On 9 December 2020 the Government has further extended the restrictions on commercial property forfeiture, CRAR and insolvency provisions from 31 December 2020 to 31 March 2021.
Government Ministers Alok Sharma and Robert Jenrick announced a further extension of the moratoria on forfeiture for non-payment of rent, Commercial Rent Arrears Recovery and pursuing insolvency processes from the current expiry of the period of 31 December 2020 to 31 March 2021. As a result it will mean that for 12 months landlord and other parties have not been able to claim arrears of rent or enforcement.
The note claims that this will be the final extension to protections from the threat of eviction with the idea that landlords and tenants will have a further three month period to come to an arrangement in respect of unpaid rent and that where the tenant can pay any or all of their rent, they should do so. The government previously published a Code of Practice to facilitate co-operation but we have found that this has more often been ignored that complied with. Some tenants have agreed to provide evidence of their claimed poor financial position on landlords signing standard non-disclosure agreement but many others have not, knowing that the worst that can happen is a court claim for a debt which leads to judgment that then itself may be difficult to enforce whilst the commercial premises are shut.
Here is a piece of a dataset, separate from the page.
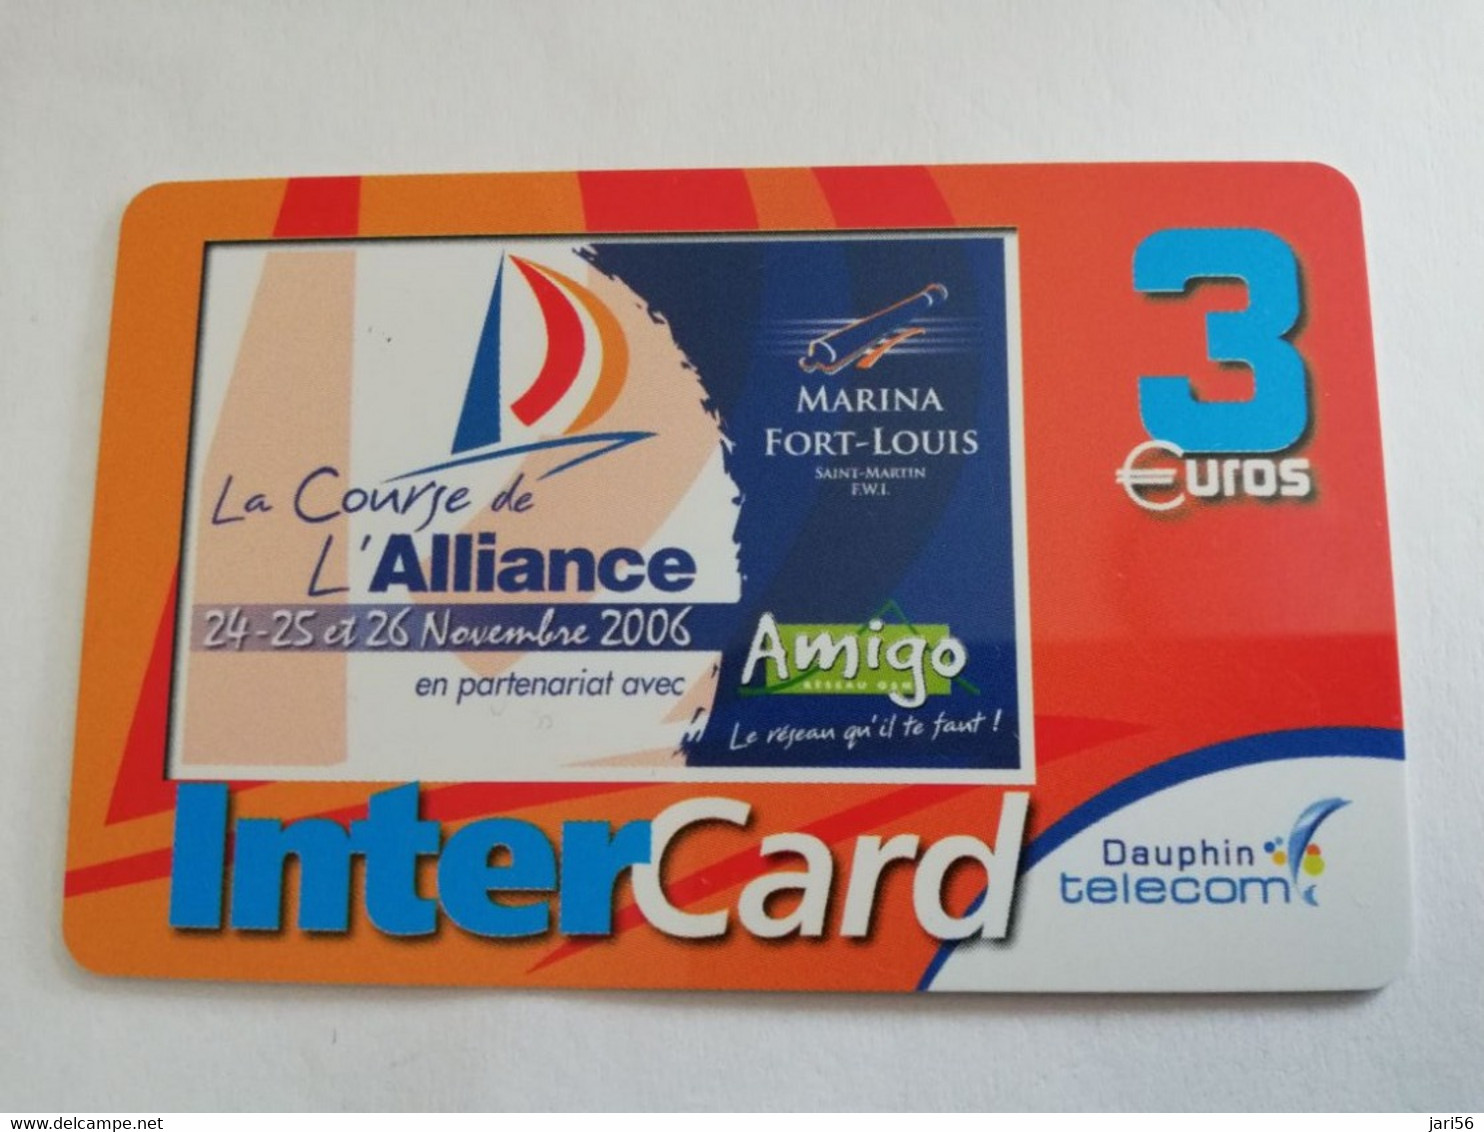 ST MARTIN / INTERCARD  3 EURO    LE COURSE DE ALLIANCE          NO 156   Fine Used Card    ** 6605 ** - Antilles (Françaises)

It is claimed that further guidance will be published early in 2021, which may be an amendment to the existing Code or operating alongside it but it is unclear how it will improve the position of tenants with failing businesses or landlords without rent coming in.
What is of more interest longer term is that Mr Jenrick has also announced a review of “the outdated commercial landlord and tenant legislation” (his words), to address government concerns that the current law and procedure does not, as far as the government is concerned, reflect “the current economic conditions”. Without wishing to speculate on those proposals that the government might consider, given the somewhat jaundiced view it appears to have that all landlords are bad and all tenants are good (due partly from the perceived inequality of bargaining position in the marketplace and without regard for the “small” landlord who may only have one or a few properties as part of pension planning, for example, compared to tenants who have a national presence with dozens of units), this could include any of the following:
- Restrictions on forfeiture without the involvement of the court
- Restrictions on CRAR without involvement of the court
- Encouragement for landlords to take equity shares in their tenants’ businesses (recently seen with the Grosvenor Estate, for example)
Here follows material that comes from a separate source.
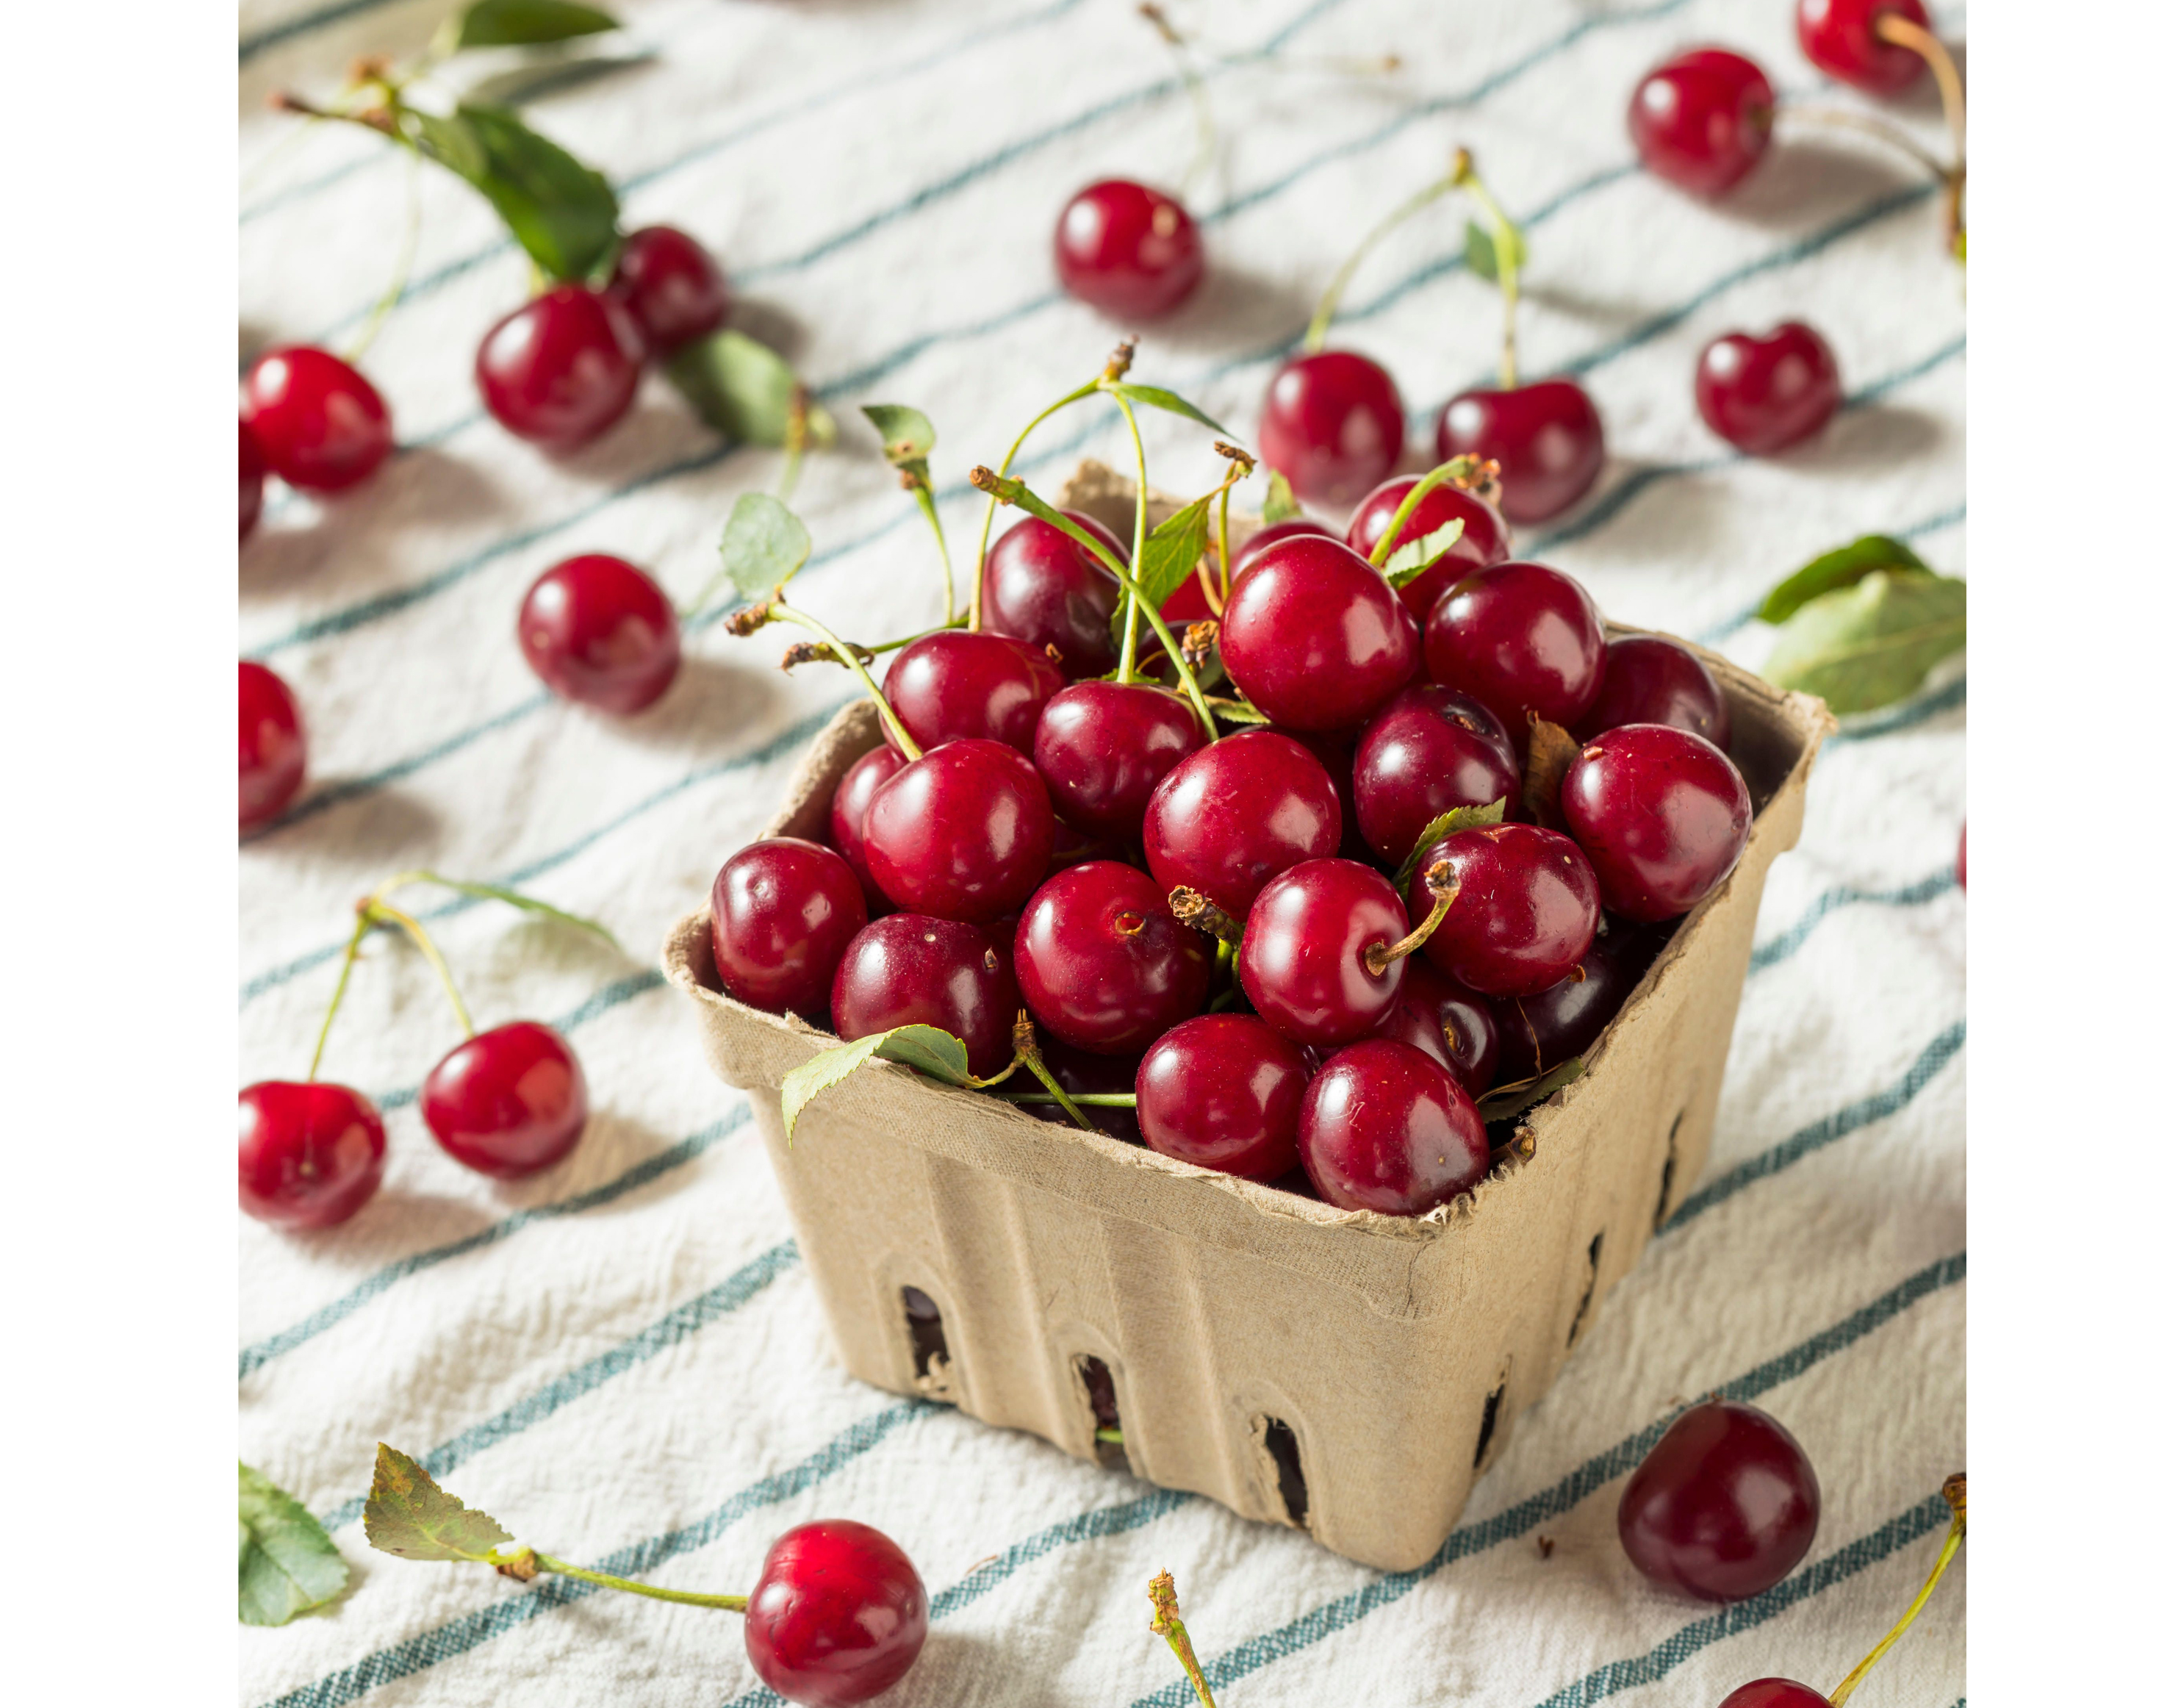 Organic tart cherries in basketet

- Different models of rent payments – this could lead to turnover rents becoming the norm for retail premises – a mixture of a minimum guaranteed rent for the landlord and a “top-up” depending on the success of the tenant’s business
- Assessing whether upwards-only rent reviews should be banned (considered but rejected by the last Labour Government) – the shortening of lease terms, not just of retail premises, but office premises too, may thus make issues concerning such rent reviews, and break clauses, far less important as leases are all granted for, say, no more than five years and thus reduce the need for rent reviews and breaks at all
- A review of the business tenancy protection under the Landlord & Tenant Act 1954, which may diminish in importance anyway, where tenants do not consider security of tenure as important as flexibility as to lease terms and a lower amount of rent to pay without such security
- An overhaul of the business rates system which could lead to a different basis for assessing business rates on different property types, so that, for example, an online retailer operating from warehouses with no high street presence would pay higher rates than the high street retailer – the model that provides premises with a shopfront to pay proportionally more than a pure online retailer is likely to come under threat
- A further overhaul of the Town & Country Planning (Use Classes) system similar to the recent one, to cater for businesses offering a combined offering that currently would be restricted by only fitting within one particular Use Class
- A review of insolvency processes, including CVA restructuring and its perceived unfairness to landlords, to make it more likely to save good businesses but allow failing businesses to be wound up for the benefit of the business’ creditors and shareholders.
It remains to be seen how much appetite the government has for any change, how quickly, and how much involvement it will actually seek from commercial property stakeholders given its lack of engagement in the imposition and extension of the moratoria to date.